* SOURCE DATA:
▬▬▬▬▬▬▬▬▬▬
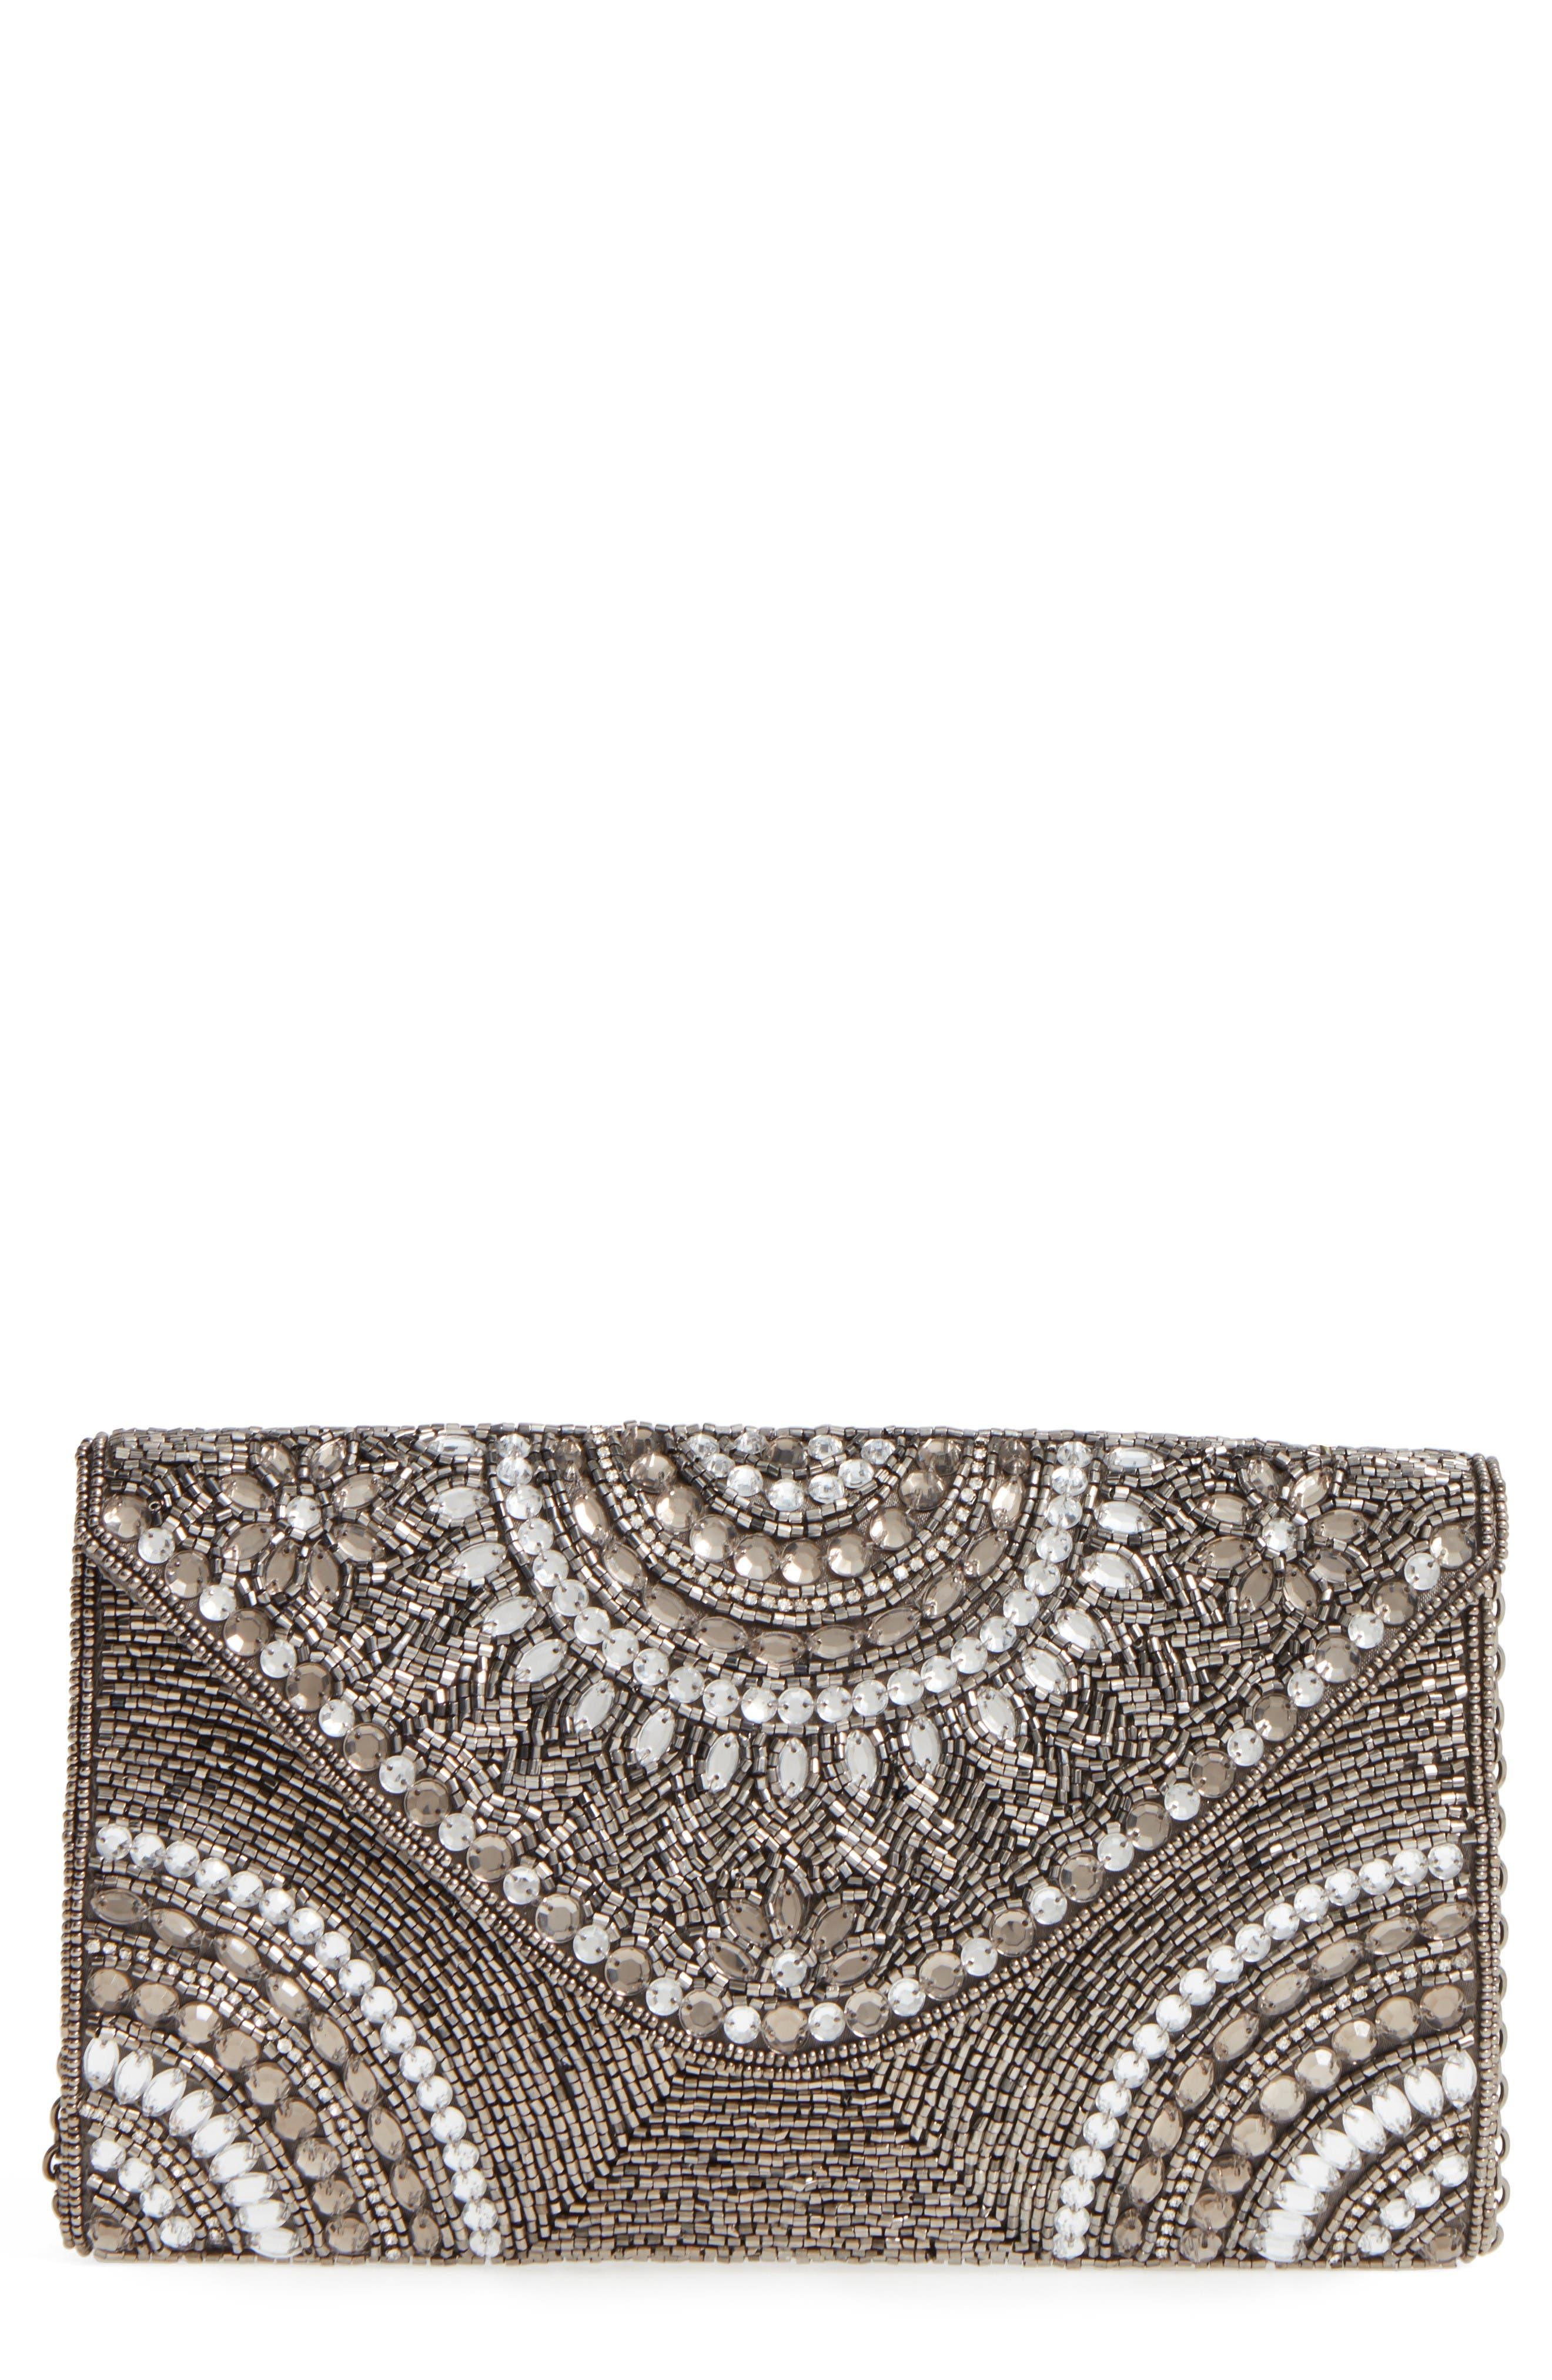 GLINT 'Alhambra' Embellished Envelope Clutch
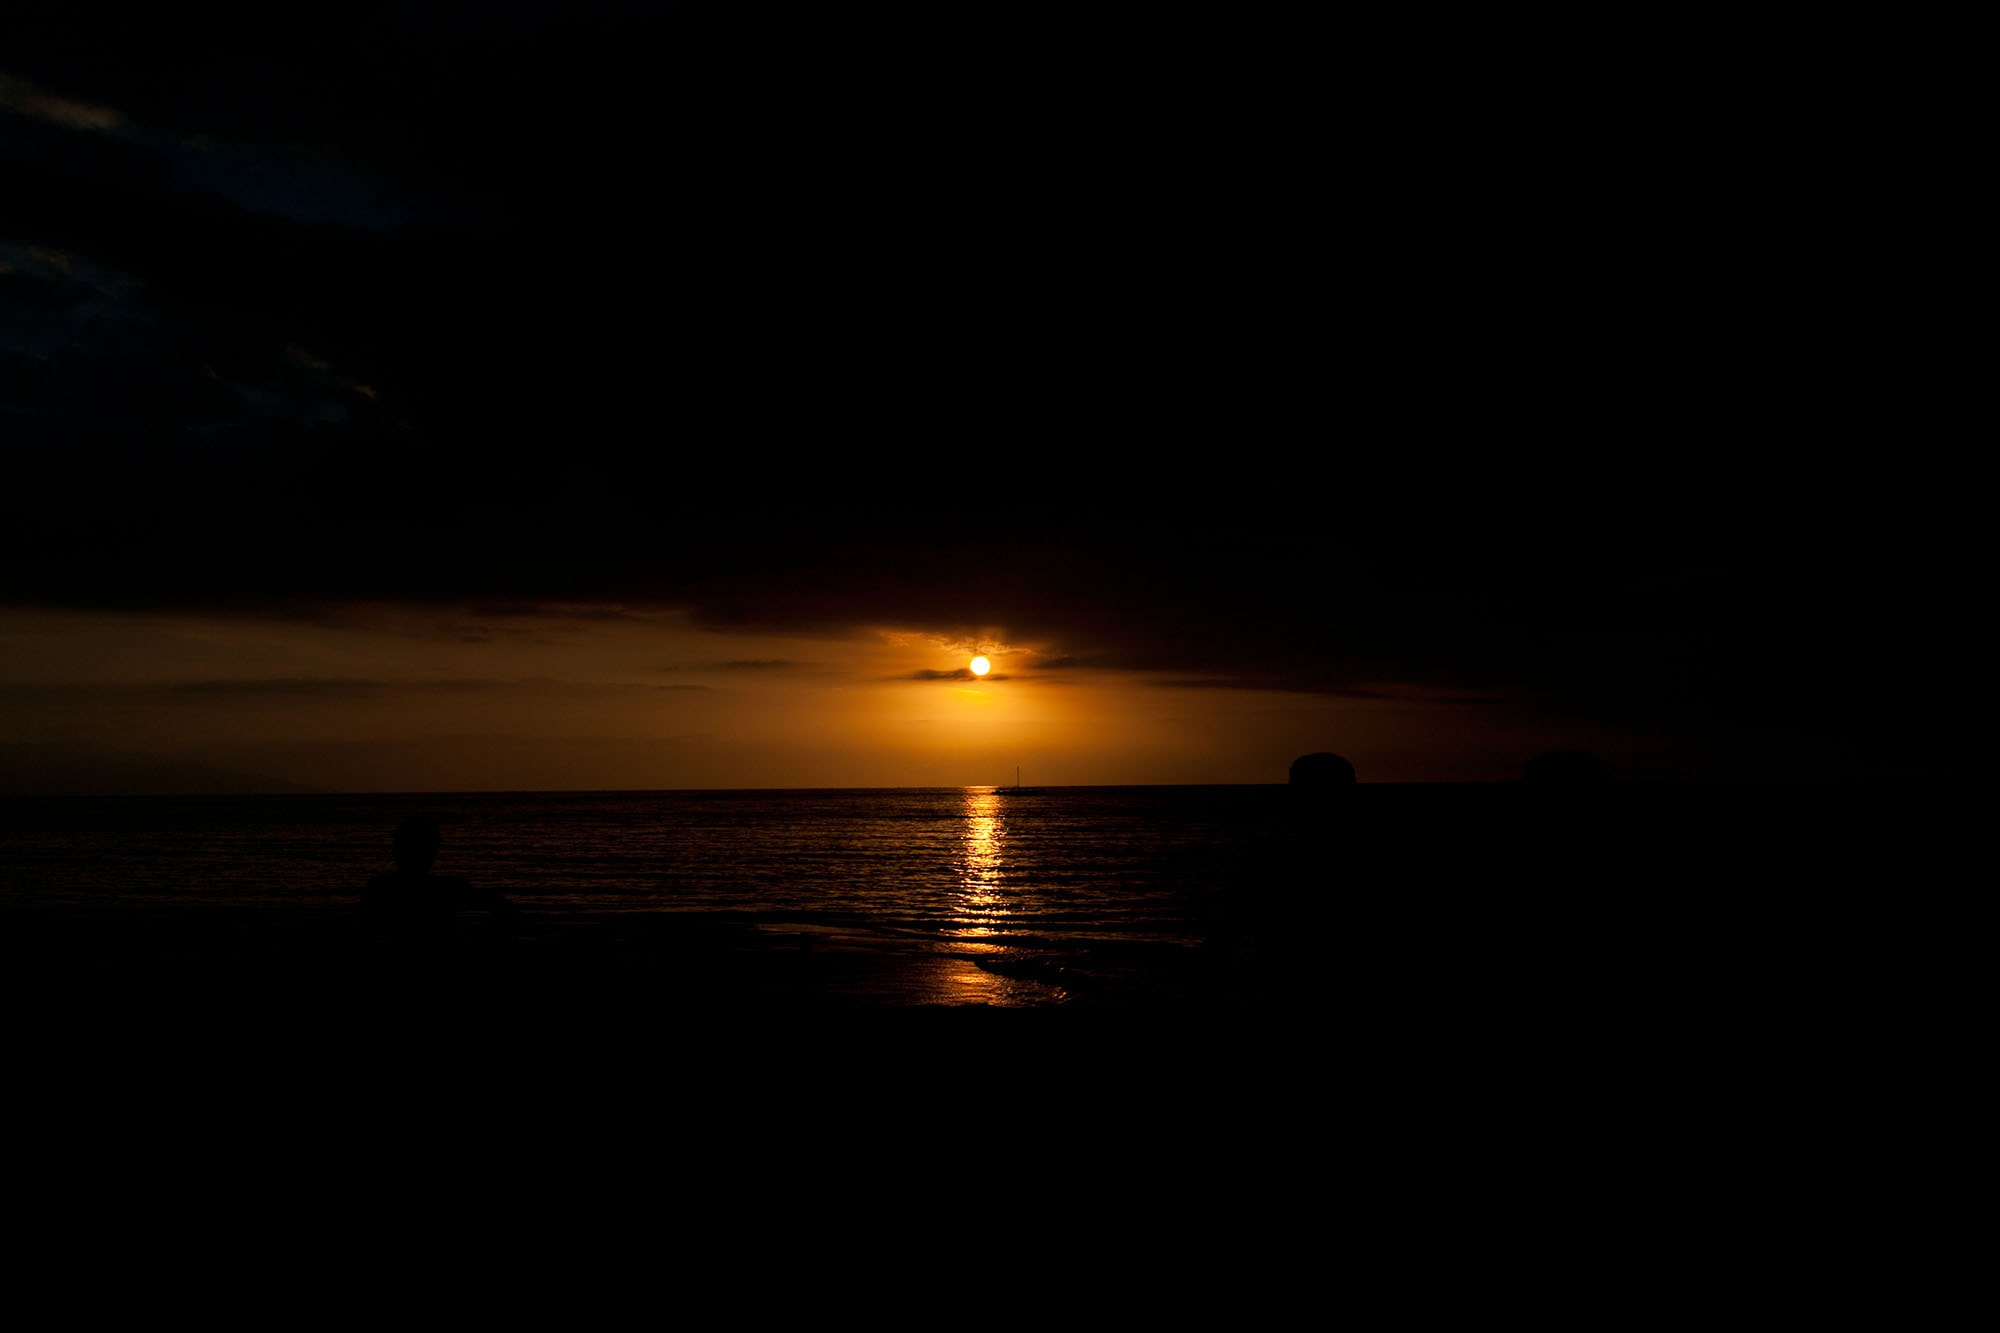 Sunset in Lovina, Bali, Indonesia
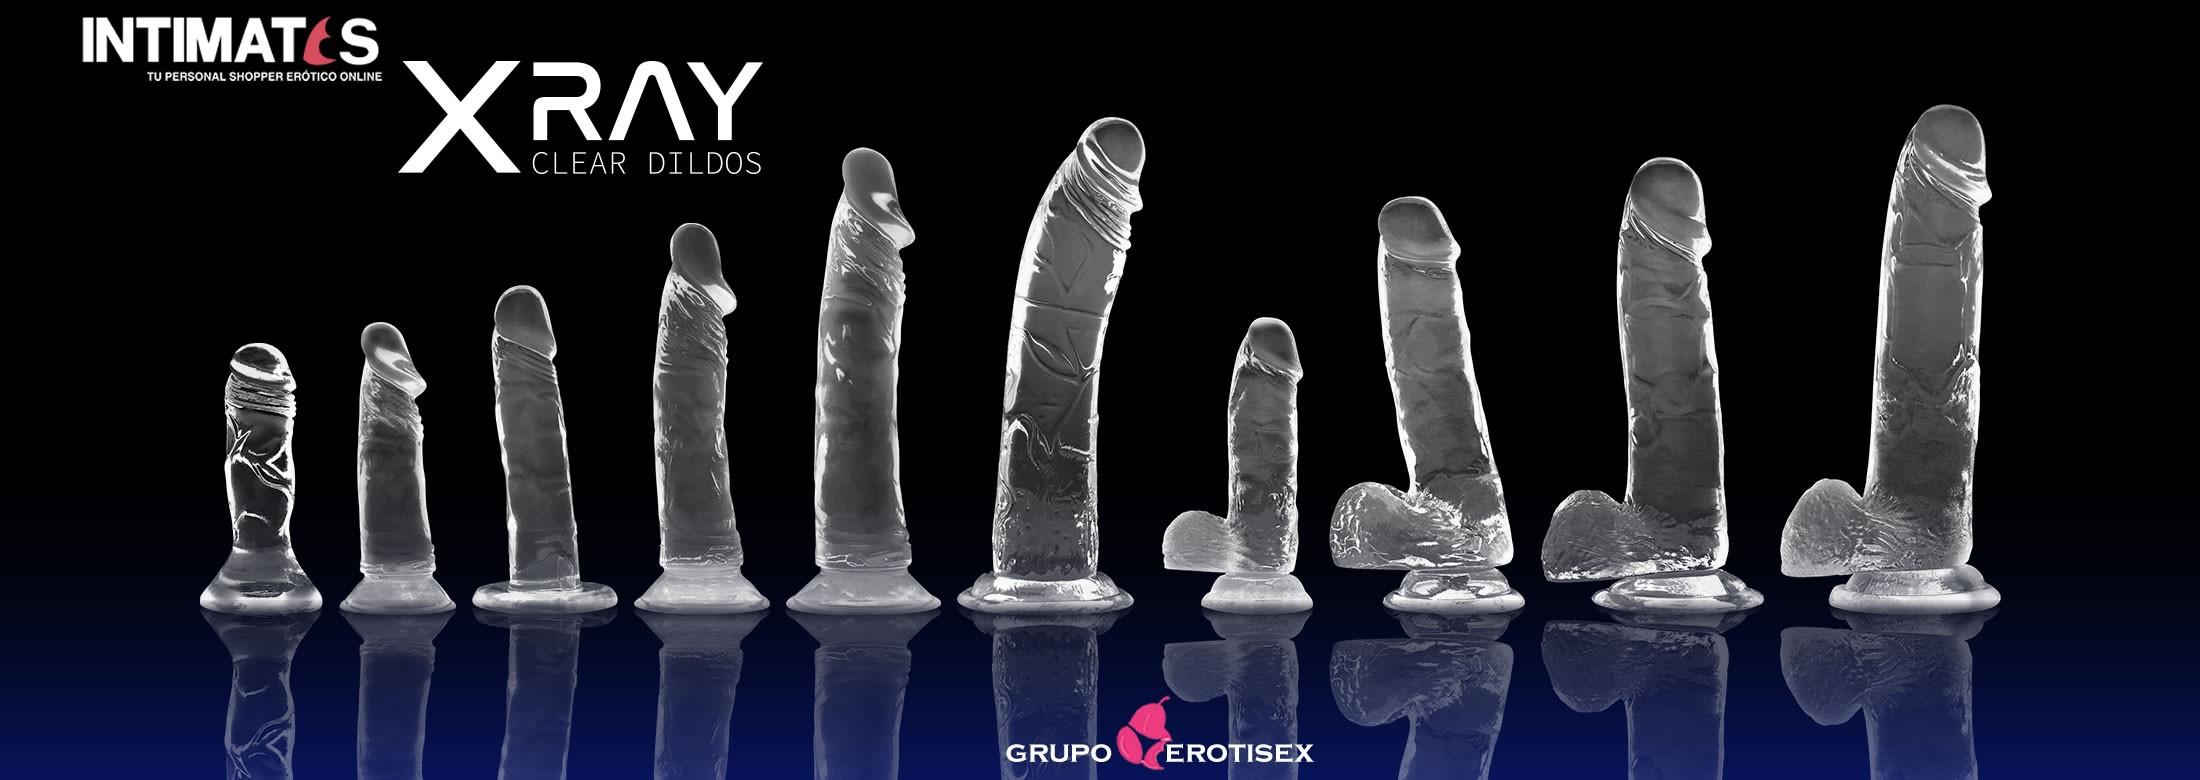 X Ray Clear es una auténtica experiencia de placer que combina una formula especialmente desarrollada que optimiza la sensación suave y sedosa con la firmeza de un dildo realístico completamente transparente.
▬▬▬▬▬▬▬▬▬▬
* DIRECTIONS: Keep every word of the lines above unchanged in the copy, and omit the pictures.

* SOLUTION FOR THIS TASK:
 GLINT 'Alhambra' Embellished Envelope Clutch
 Sunset in Lovina, Bali, Indonesia
 X Ray Clear es una auténtica experiencia de placer que combina una formula especialmente desarrollada que optimiza la sensación suave y sedosa con la firmeza de un dildo realístico completamente transparente.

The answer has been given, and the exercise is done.